*Problem:*
Once you find the line with "Brushed Gold Finish" in the entries below, print it and each line after it up to and including the line with "22 burning questions", exactly, without pictures.

*Records to process:*
Segment Open

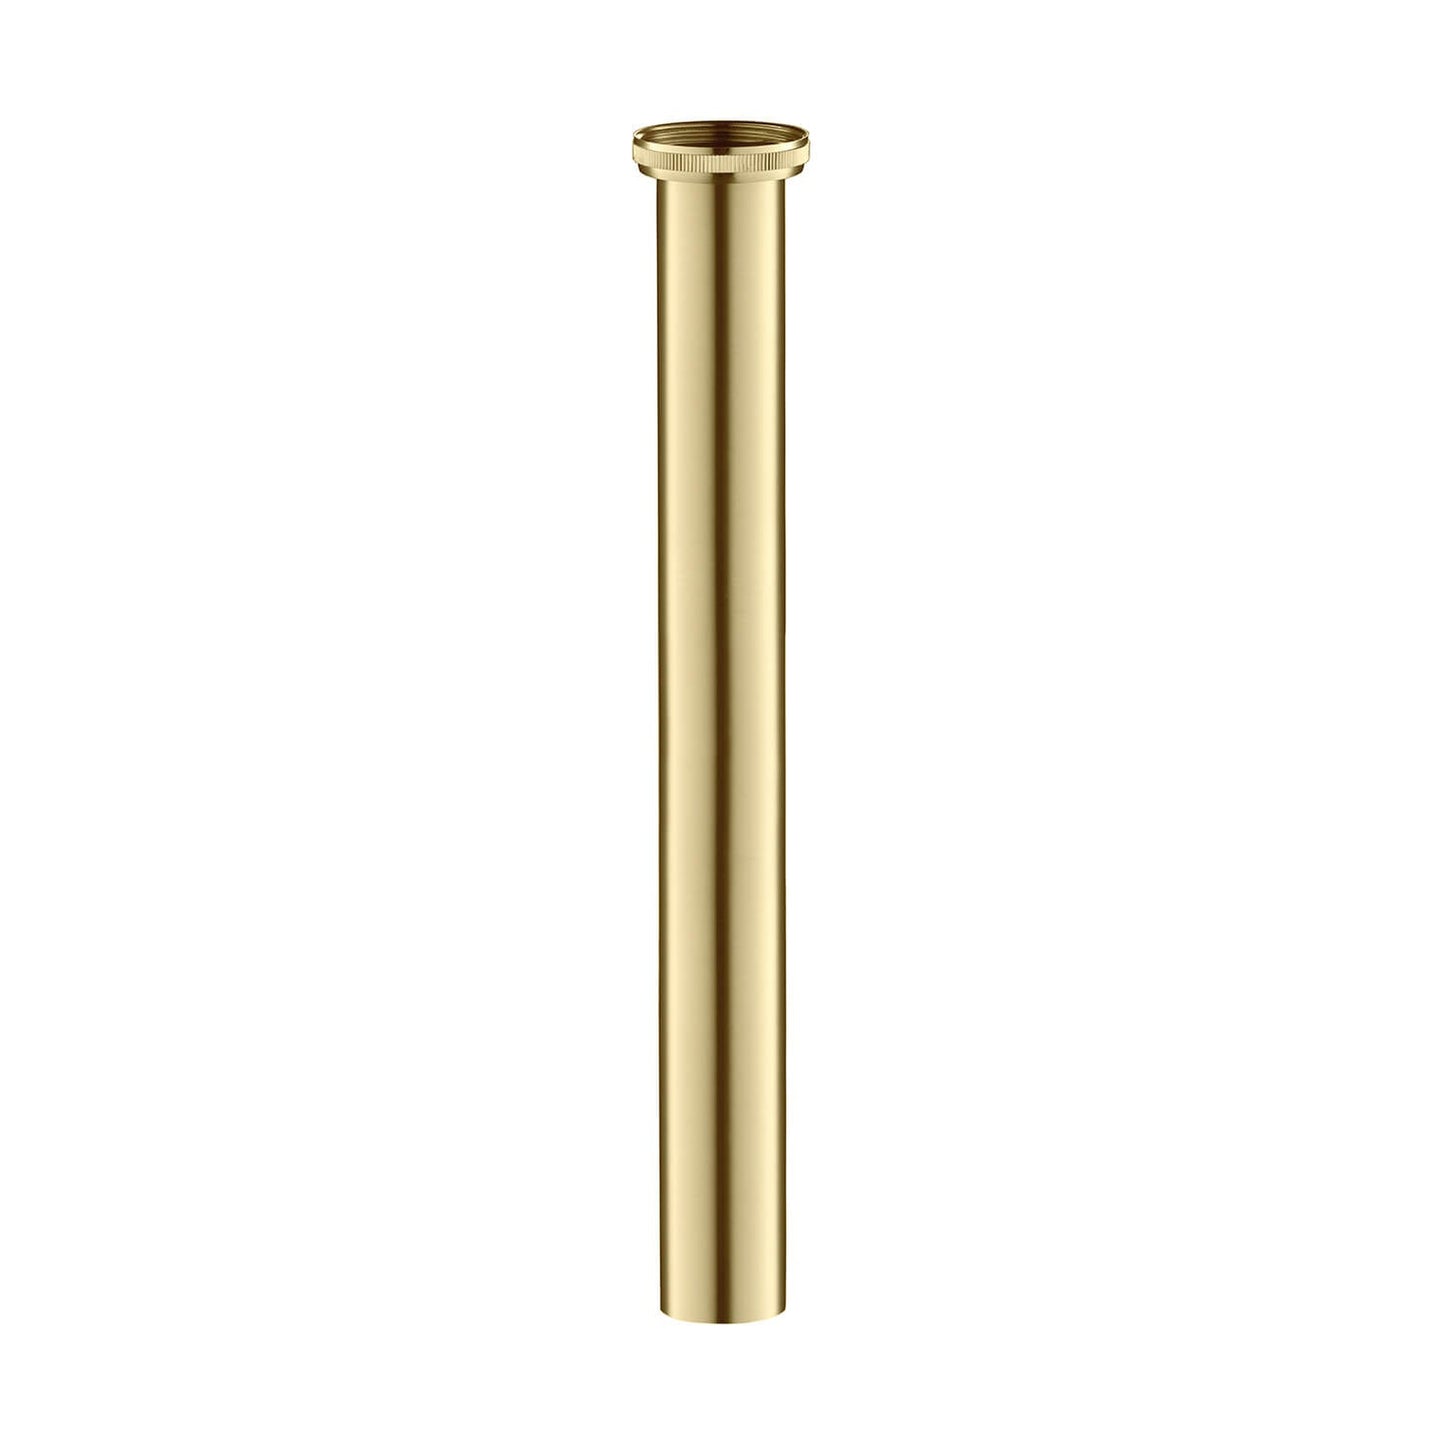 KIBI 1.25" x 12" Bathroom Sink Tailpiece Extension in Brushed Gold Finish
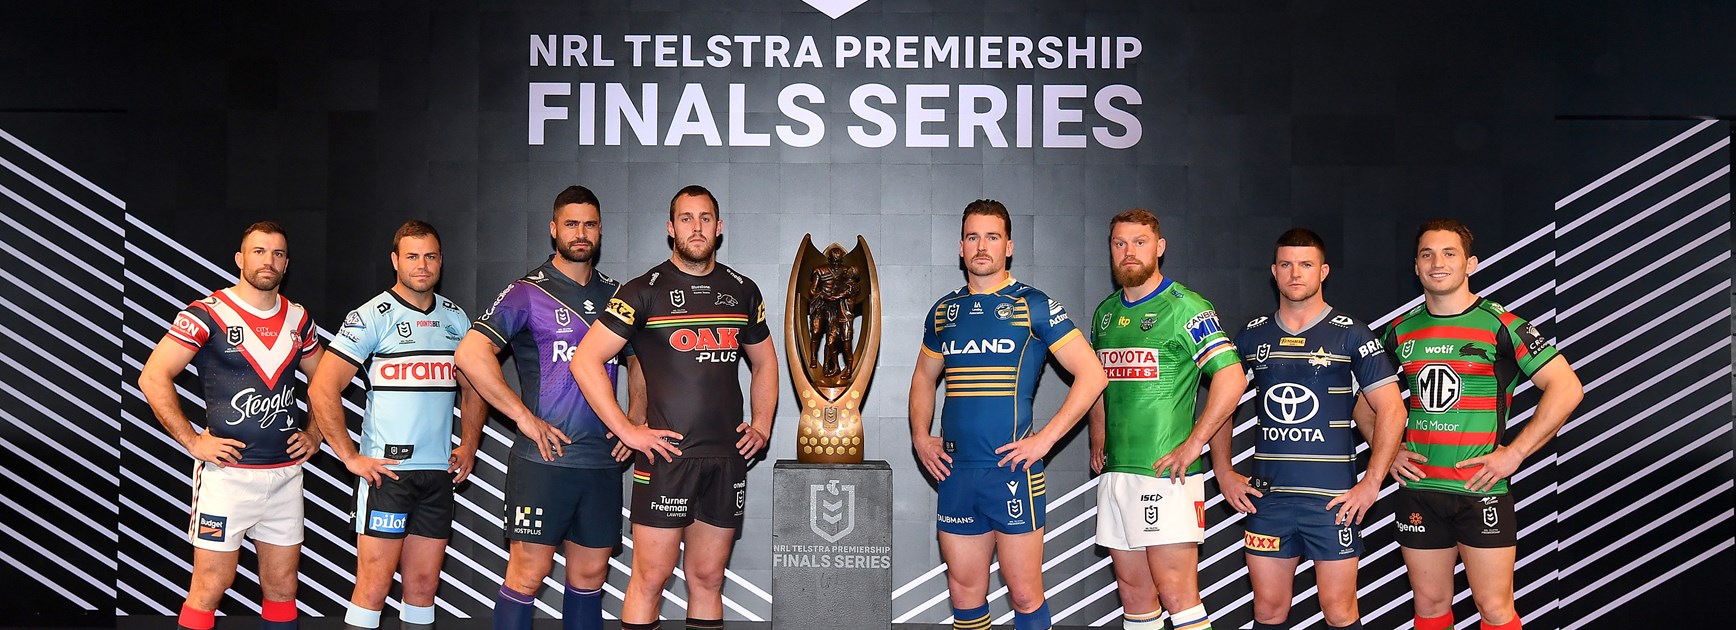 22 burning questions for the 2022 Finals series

Segment Closed
Segment Open

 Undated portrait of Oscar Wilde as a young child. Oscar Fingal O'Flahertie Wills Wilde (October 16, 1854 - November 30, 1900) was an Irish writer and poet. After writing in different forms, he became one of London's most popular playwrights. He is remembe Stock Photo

Segment Closed

*Task solution:*
 KIBI 1.25" x 12" Bathroom Sink Tailpiece Extension in Brushed Gold Finish
 22 burning questions for the 2022 Finals series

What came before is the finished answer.